At present the post-processing of speech recognition research is showing a diversity of linguistic knowledge in the course of the study, more and more attention should be paid to the knowledge of applied linguistics, in order to improve the performance of speech recognition systems; we should use various existing and emerging methods of natural language understanding.
     According to the national 863 project of Olympics oriented Multilingual Intelligent Information Service System, this thesis studies mainly on text correction for ASR (Automatic Speech Recognition) result in a demo system called CityGuide. All information will be based on the theory of natural language understanding, that is, mainly from the syntax, semantics and pragmatics of the three aspects, focusing on contribution of the pragmatics information to increase the correct rate. The main research work and achievements are:
     1, A new module of CI based NLU is added after the ASR module in IMP. Original tests have shown that this module could improve the precision of ASR result to some extent. As to CityGuide corpus testing, after pragmatics and other information is added, the precision of ASR could be improved from 52% to 70%.

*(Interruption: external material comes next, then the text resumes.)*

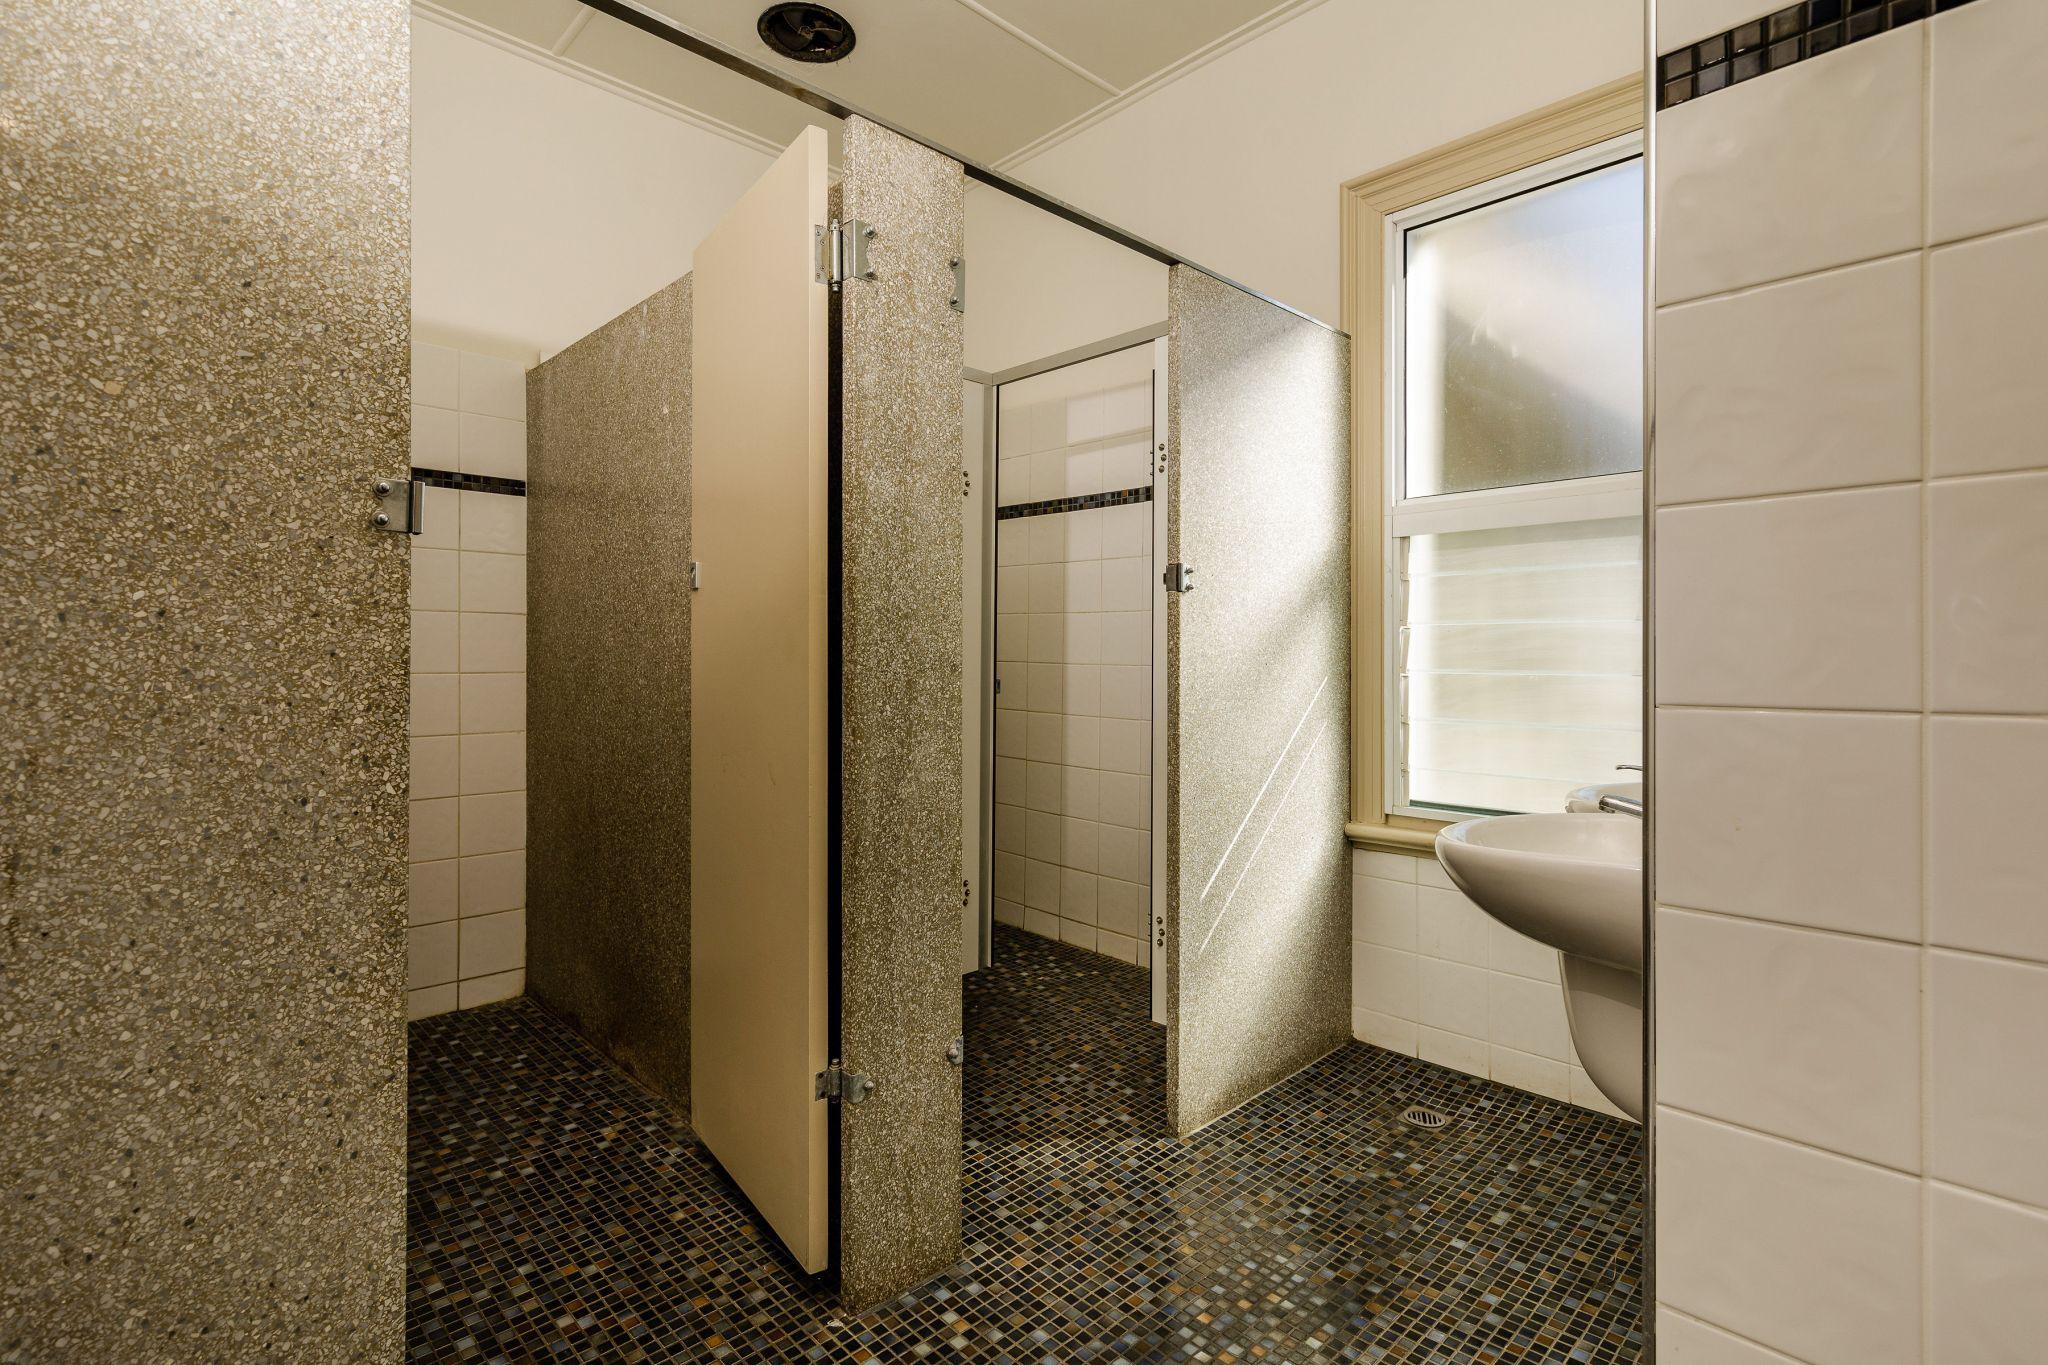 Waterloo Bay Hotel - Pub Accommodation - Toilets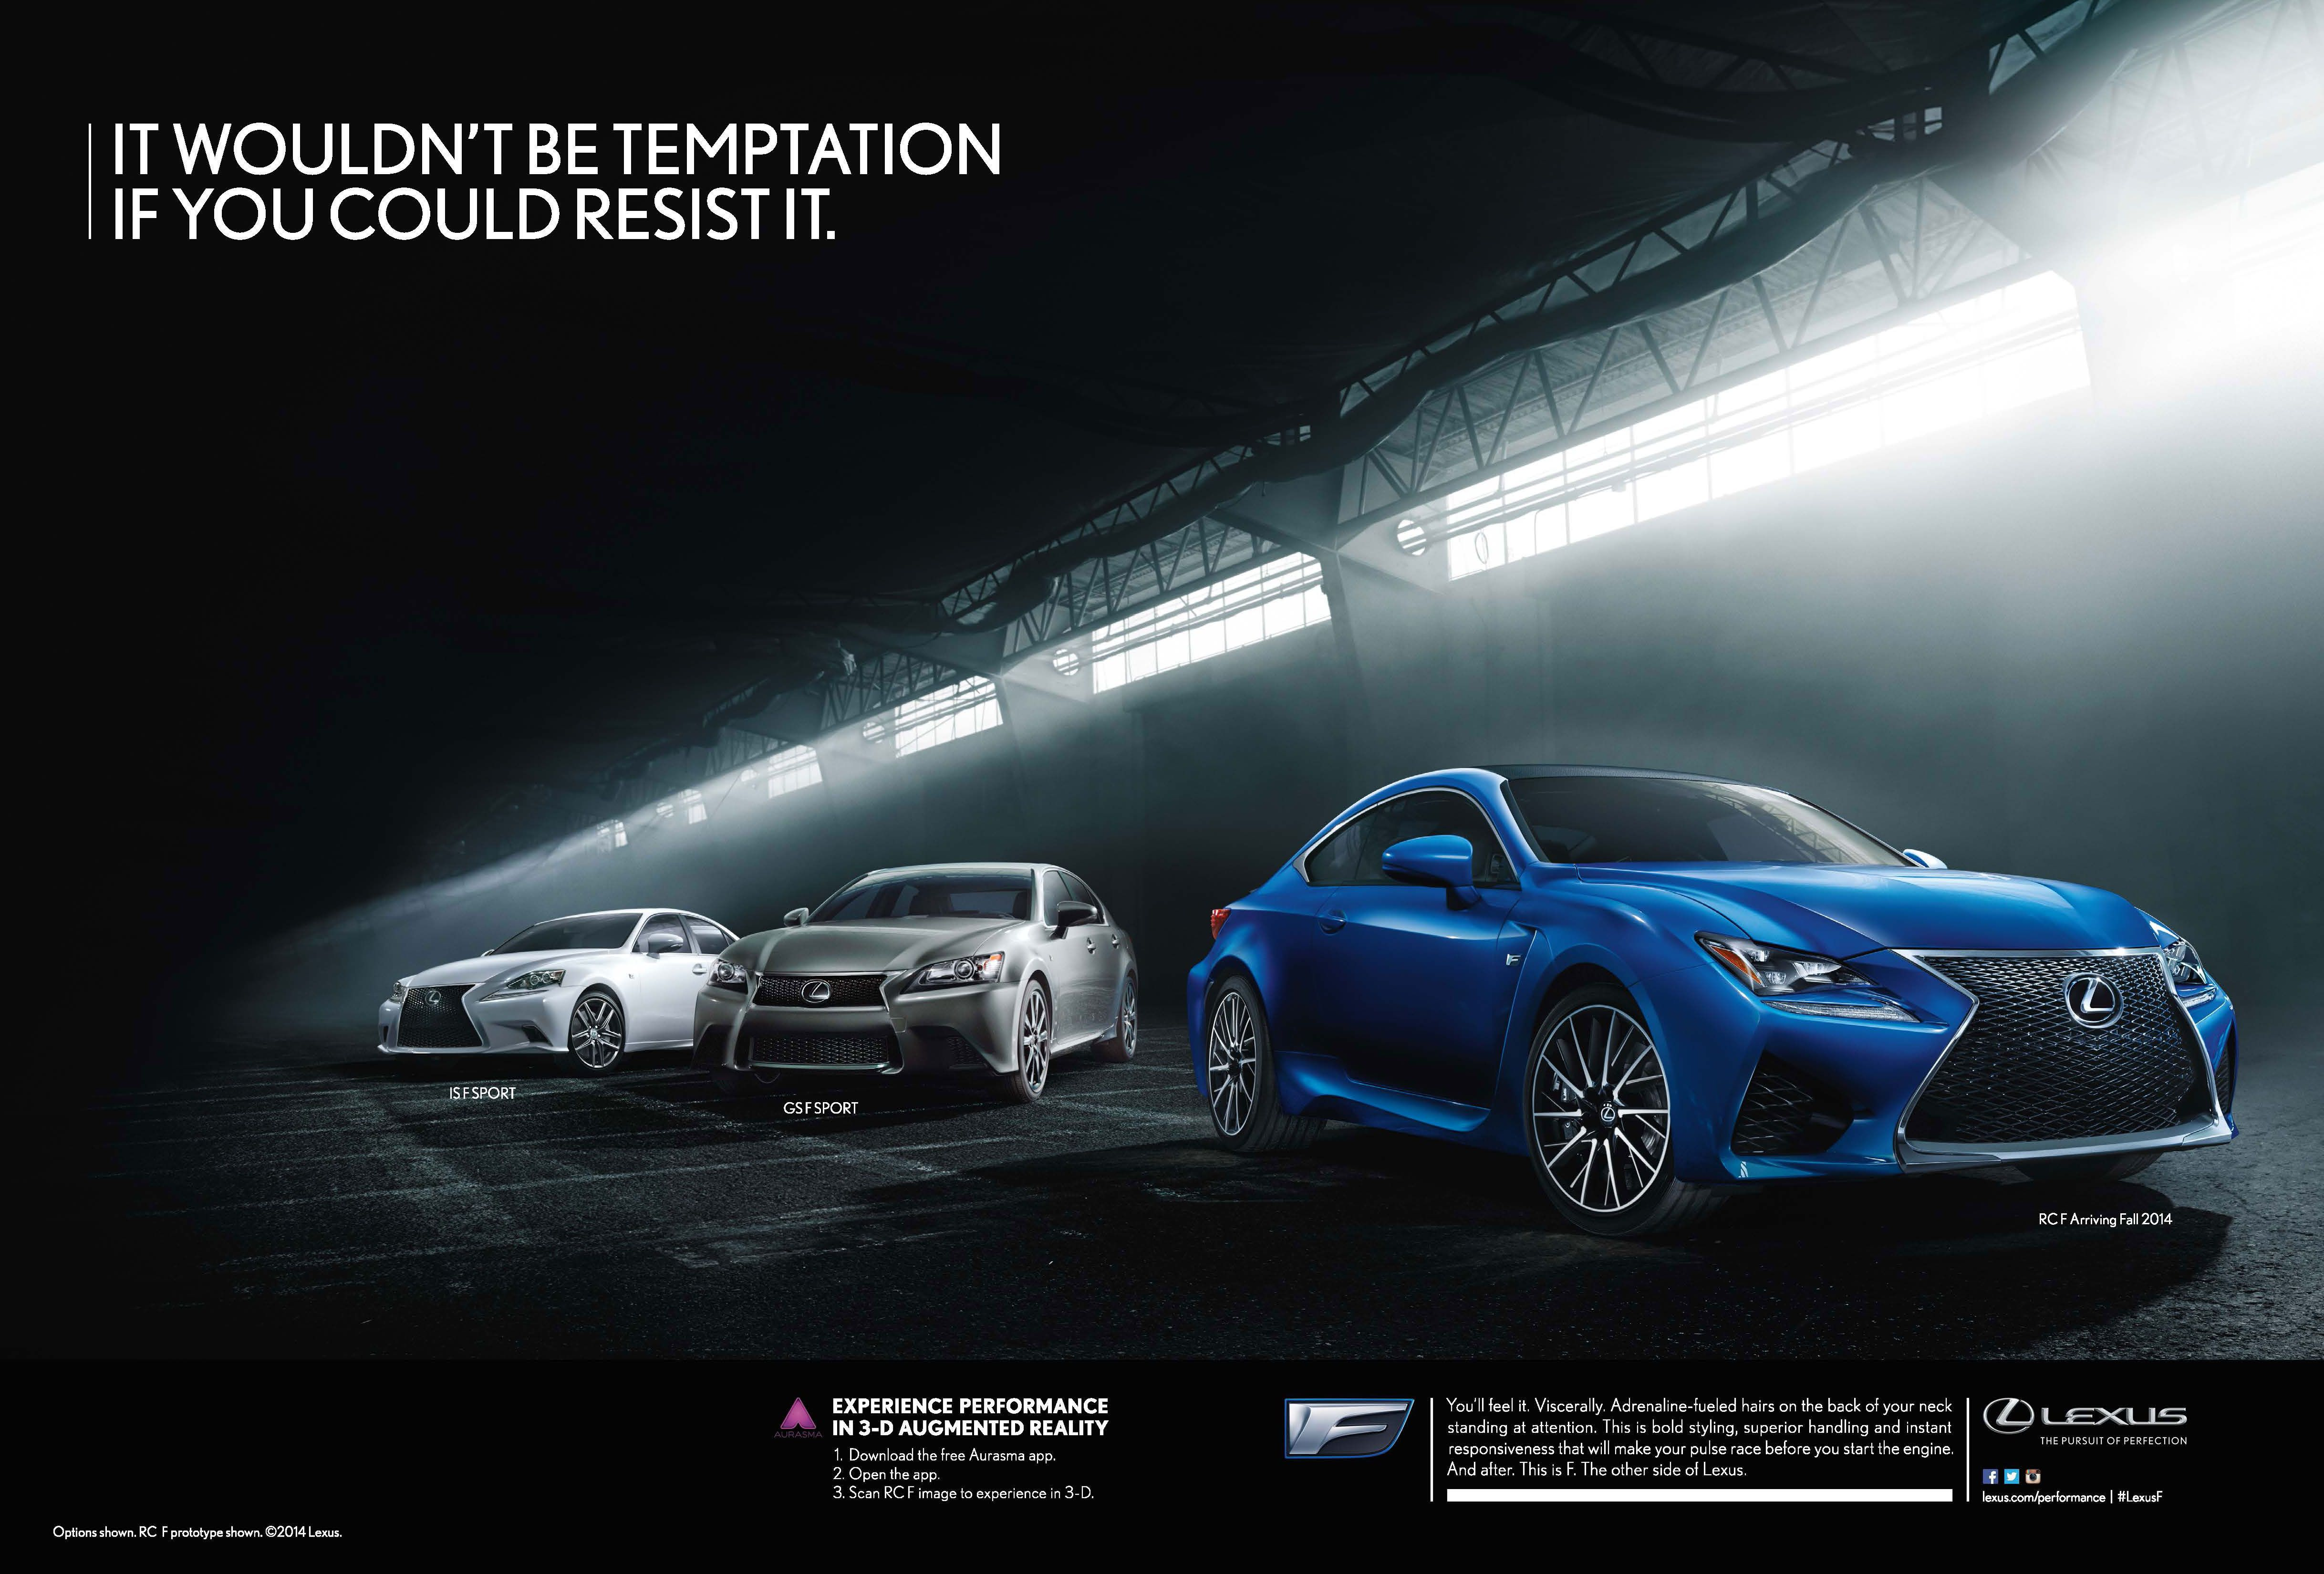 Brand Lexus Communication Objective Attitude To Maintain And Reinforce Lexus S Brand Image As Premium With Luxu Lexus Car Advertising Design Car Advertising

     2, A demo system for this module is implemented in IMP, and original testing is finished. More effort is made to import an ASR program in IMP to connect the ASR and correction directly. Currently the system supports one sentence voice input a time. Chinese and English languages are both acceptable.
     3, Based on a proposed online search technology corpus knowledgebase acquisition, learning, building and updating optimization programme, in particular for the ambiguity and uncertainty of the language, discussed the application of the fuzzy theory in the text classification, proposed a trapezoidal membership function, and the classification results will be ambiguous, as well as the introduction of the concept of fuzzy entropy to assess the fuzzy text of the classification performance, overcome the shortcomings, thoses are the original small-scale experimental system corpus, the limitations of the field, the source is not rich enough, the lack of limitation.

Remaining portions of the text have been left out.